Just started seeing similar issues on my (mission-critical) ER-X hardware. Just wondering of there is anything else.

Thank you for starting this thread.

Yes. But I also downgraded my firmware as the last dot release never crashes for me.

Thanks for replying.

Will leave my ER-X at 18.06.4 (H/W + S/W Offloading OFF) and report here if this issue comes back. (All my other boxes are stable on 18.06.4)

One other thing I noticed is I never get any IPV6 address’s on the WAN with S/H offloading enabled on this router.

Any solution for that?
Yesterday one Edgerouter with 18.06.5 crashed (offload not enabled).
Its in an critical enviroment, so is 18.06.03 more stable?

Never seen this in 18.06.2

[SOLVED]
Answering myself:

Problem solved, device simply overheating....
The Edgerouter seems to be a little sensitive related to high temperature.

1 Like

That is ... curious. Being in the market for the ERX myself, do you mind telling how much stress you put on the device, and how you positioned/buried it? It really should not be able to overheat in just regular operation.

I have one. It's been very dependable. They come with a small heatsink on the CPU though there is space for a larger one. I'm still using the stock one.

There was another thread where someone plugged a non-POE device into port 4 without turning the GPIO pin off. I've done that too. That shorts out the power circuit and problems will occur.

1 Like

I have a lot of these little Edgerouters (for VPN-related things etc..)
Rock solid exept HEAT.
This belongs ONLY enviroment temperature, not any load inside OpenWRT.
If you have an primary Router (Cisco etc..) that produces heat, putting the Edgerouter on top of this is not a good idea.
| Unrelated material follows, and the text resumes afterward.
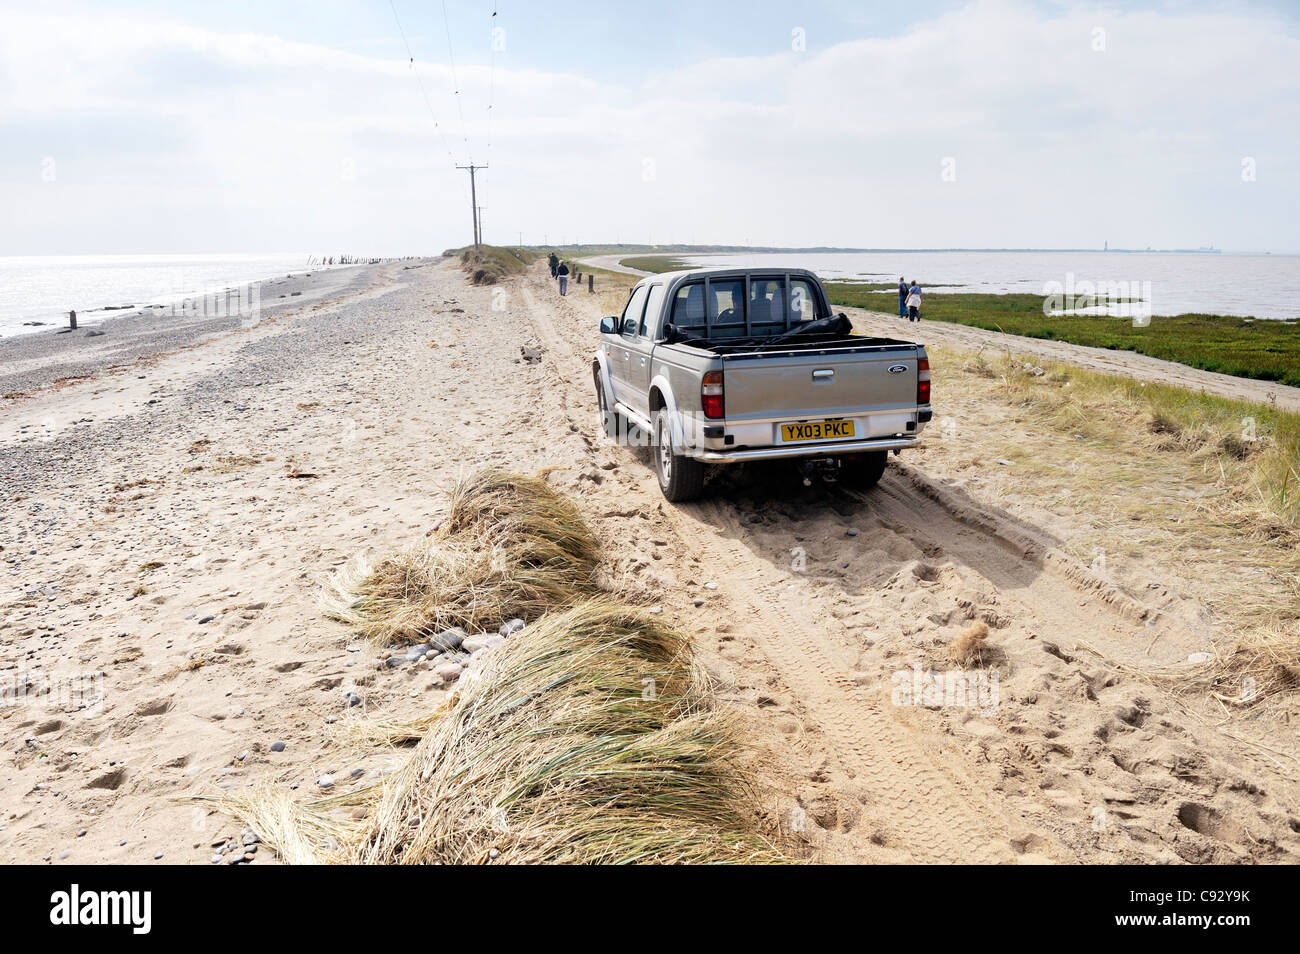 Sea storm coastal erosion at Spurn Head, Yorkshire east coast England. 4 wheel drive car on damaged narrowest point of sand spit Stock Photo

This little beast really needs cool air all around.

Reading the official Hardware specs showing:
Operating Temperature -10 to 45° C (14 to 113° F)

1 Like

Ah, alright. This is generally true for pretty much every router except for maybe the really low-specced ones. Even my Lantiqs act up when not reasonably well ventilated (especially their modem chipset.) Thanks for the elaboration.

1 Like

This topic was automatically closed 10 days after the last reply. New replies are no longer allowed.